The vote was boycotted by MPs loyal to the Mogadishu-based warlords, who this week said their forces would unite.

Somalia has been wracked by violence and anarchy for 14 years.

The BBC's Caroline Karobia in the Kenyan capital, Nairobi, where Somalia's parliament is based, said the MPs erupted in jubilation when the results of the vote were announced.

The Somali reconciliation process is at a critical stage
US, EU statement

Of the 152 MPs present, 145 voted in favour of setting up in Baidoa and Jowhar until Mogadishu is considered safe. There were seven abstentions.

A similar vote in March was declared null and void after MPs fought in parliament - but parliamentary speaker Sherif Hassan has said this vote was also unconstitutional because he did not call the meeting.

More than 100 members of the 275-strong parliament are in Somalia, including the warlords who control the capital, and have refused calls to return to Kenya.
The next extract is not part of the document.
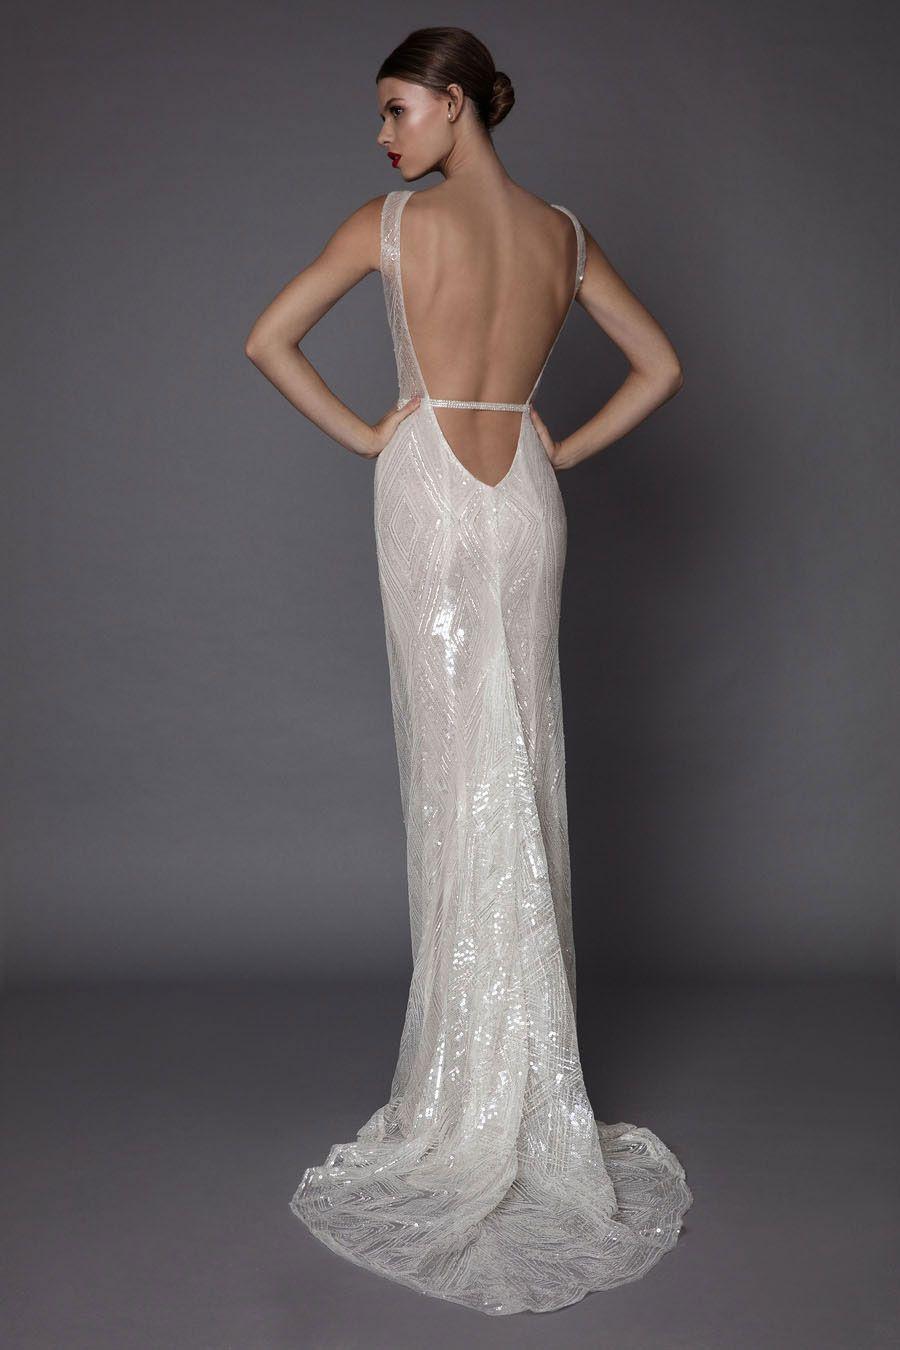 MUSE! A Fashion-Forward Bridal Line By BERTA   Fashion forward ...

In Washington, the US and the European Union released a joint statement voicing their concern at the lack of progress.

Facts and figures about life in Somalia

"The Somali reconciliation process is at a critical stage. There is an urgent need for a viable agreement on relocation and security," it said.
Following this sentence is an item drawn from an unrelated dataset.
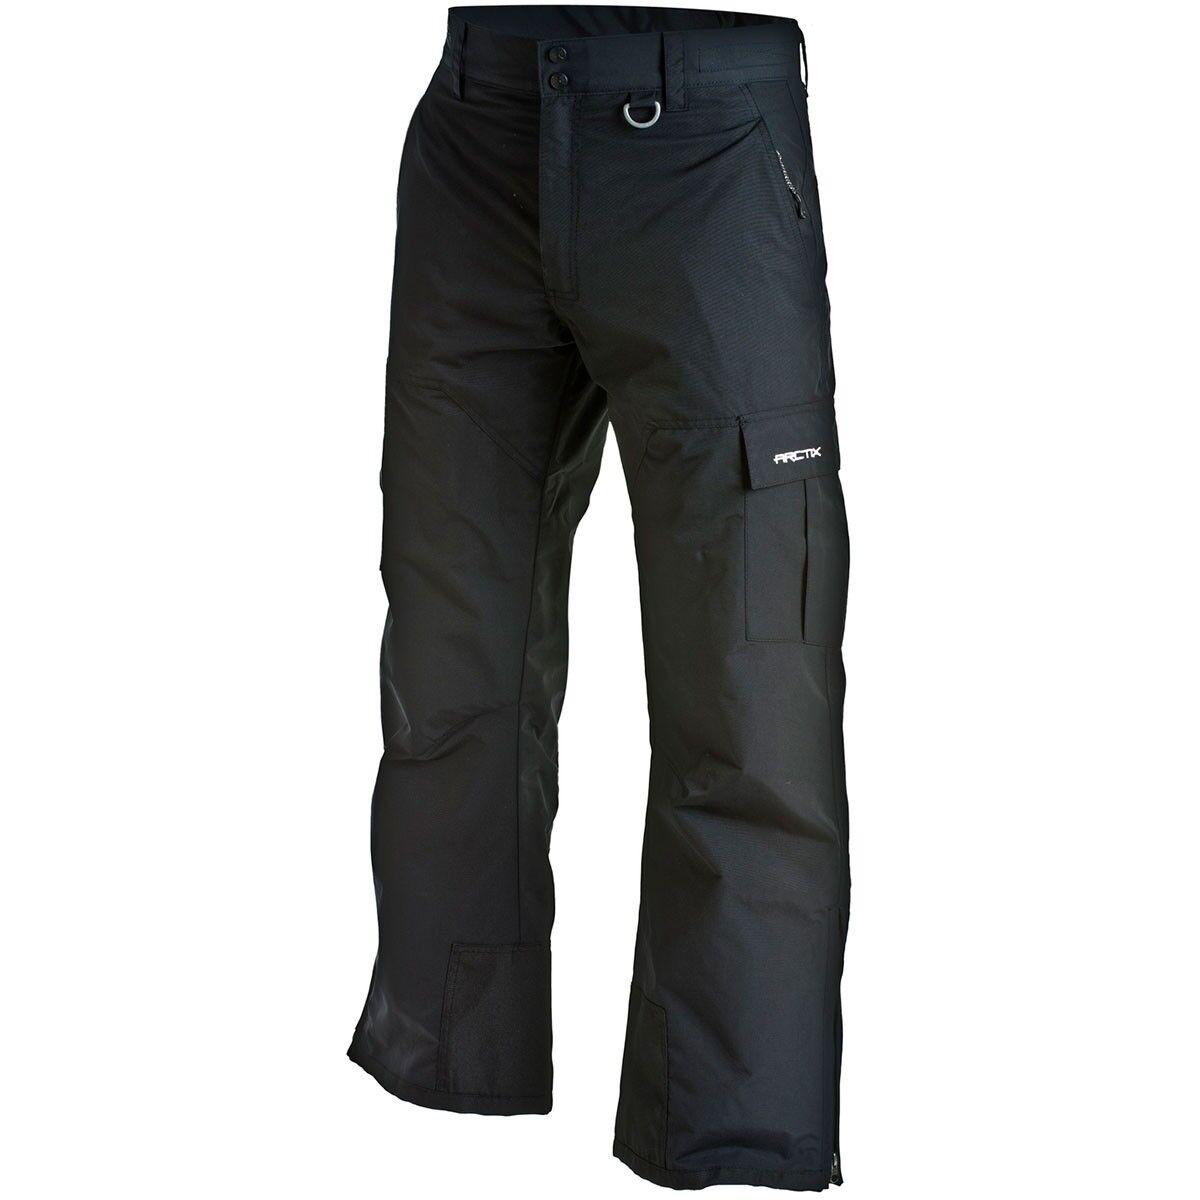 Arctix Premium Mesh Lined Cargo  Haul Snowboard Pant for Men  cheap wholesale

Foreign donors, who have bankrolled the long peace talks, are pressing the transitional government to relocate to Somalia.

The African Union is to meet on Thursday to consider the foreign troop deployment.

The session will examine a proposal to send 1,700 Sudanese and Ugandan troops to ensure the security of President Abdullahi Yusuf Ahmed.

But the issue of foreign troops is controversial.


President Yusuf is seen as an ally of Ethiopia but he has little support in Mogadishu.

Many Somalis do not trust Ethiopia, since a war in the 1970s.

The Mogadishu warlords accused Ethiopia of sending weapons into Somalia - a charge Ethiopia denied.

Since his election last October, he has called for an African Union protection force before he can lead his government back to Mogadishu.

The regional body, Igad, has agreed to send troops but a lack of finance and security fears have led to delays.

Mogadishu warlords Mohammed Qanyare Affra, Osman Ali Atto and Muse Sudi Yalahow, who have spent years fighting each, said that they would this week start withdrawing their forces from the capital and setting up a single militia force.

They say this will restore security in Mogadishu but some government officials fear that the force could be used against them, if relations continue to deteriorate.